Thanks guys, I know its not much of an update but its all I got so far.... BOTH FEET LOL.








I will try and do more of him so that the next update would be dramatic. Thanks again Morbid Mike


----------



## Lynn (Aug 23, 2005)

This is looking just awesome Erin!!!!
Cant wait to see you next update. BTW, know what you mean about the ADHD.... I do the same thing... I work on lots of things at the same time, but eventually they all get done. (mostly)


----------



## Kymmm (Oct 1, 2009)

WOW Erin!!! Very, VERY nice!!!


----------



## ELH(Erin Loves Halloween) (Nov 5, 2008)

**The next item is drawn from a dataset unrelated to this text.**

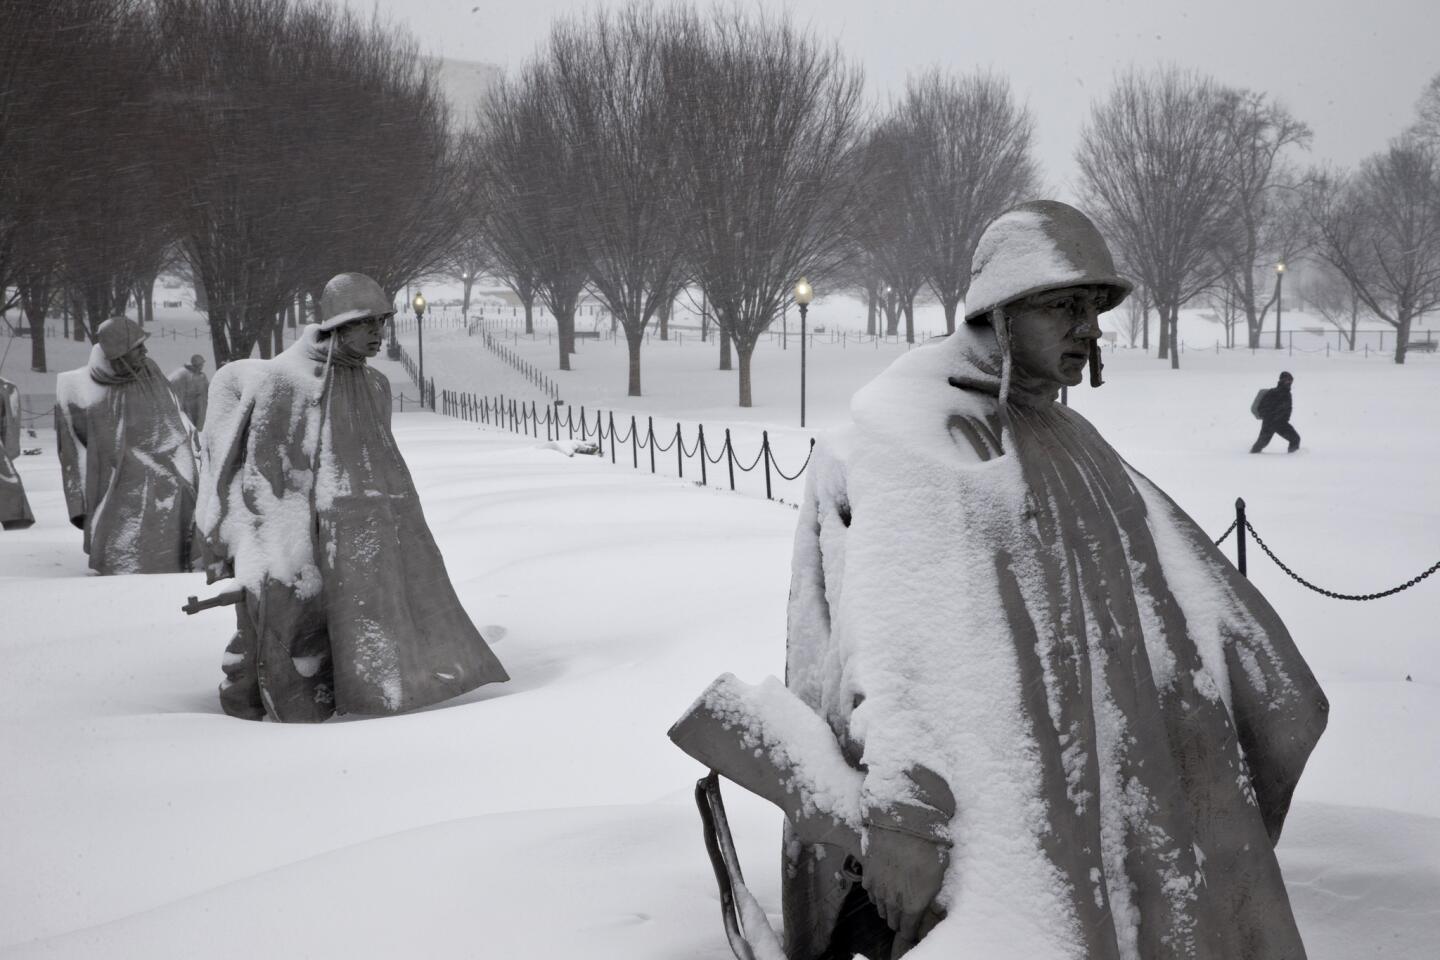 Un peatón camina cerca del monumento a los veteranos de la Guerra de Corea, luego de una nevada el sábado 23 de enero de 2016 en Washington DC. (Foto AP/Alex Brandon)
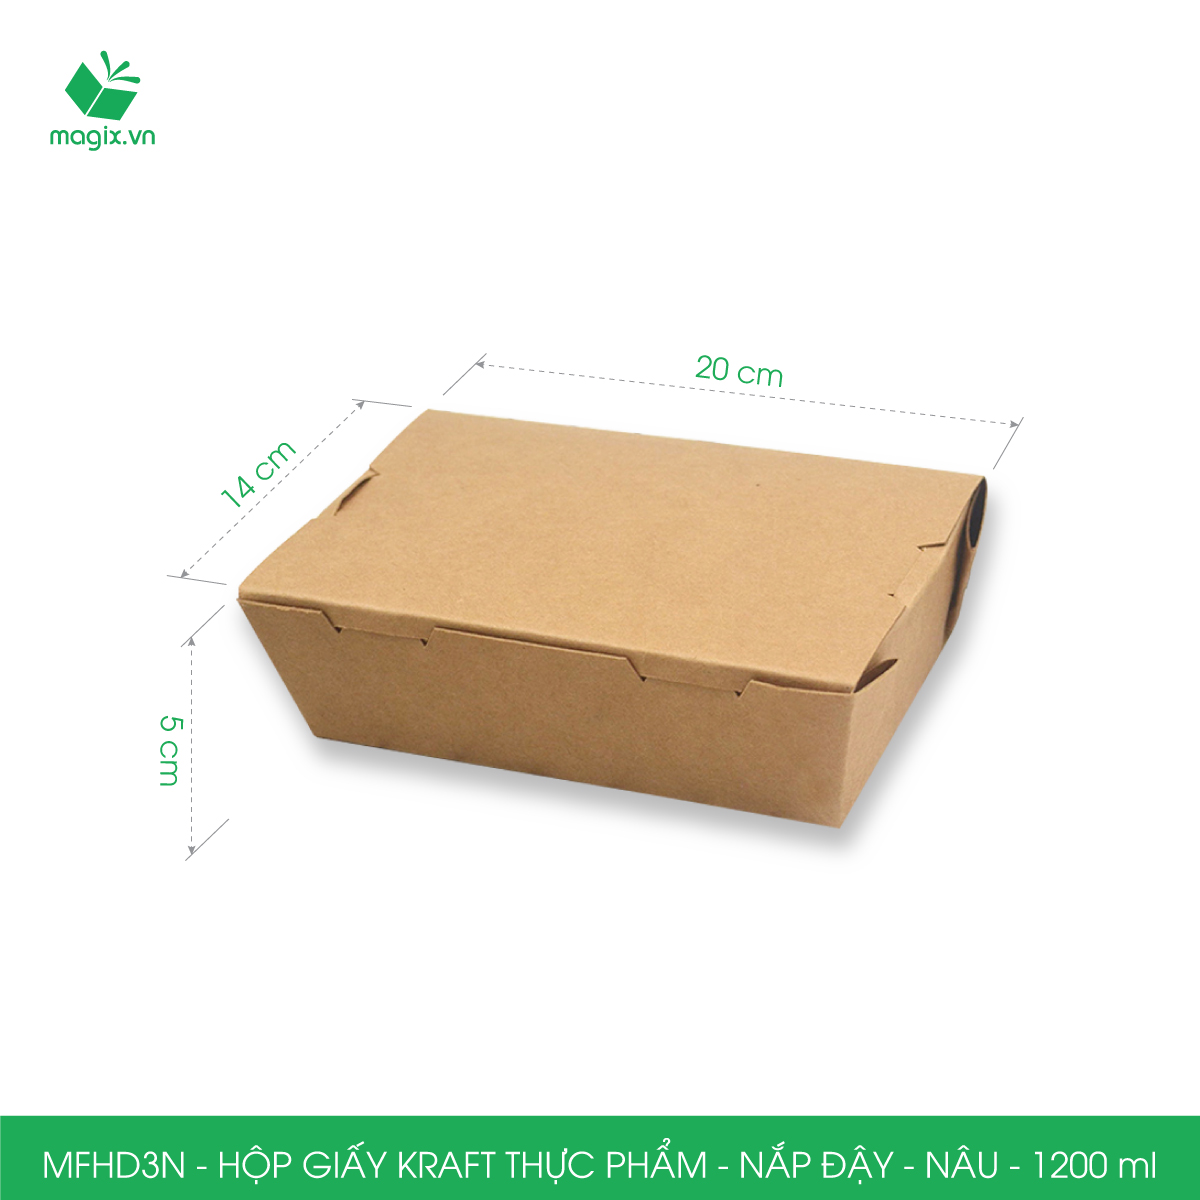 MFHD3N - Combo 50 hộp giấy kraft thực phẩm 1200ml, hộp đựng thức ăn nắp đậy màu nâu, hộp gói đồ ăn mang đi

I finished both feet and now I am on to the legs. I did a test shot of the armor just so I could see where I wanted to lay out things on his legs. It is coming along! Will send another update soon.


----------



## bobzilla (Nov 15, 2008)

Looking good ! Where did you get the Armour ? Did you make it ?


----------



## ELH(Erin Loves Halloween) (Nov 5, 2008)

No I actually ordered hands for Predator off of Ebay They were way too big for me to use. So I cute off the armor for his hands and I am going to use it for gauntlets.


----------



## bobzilla (Nov 15, 2008)

Good idea !


----------



## ELH(Erin Loves Halloween) (Nov 5, 2008)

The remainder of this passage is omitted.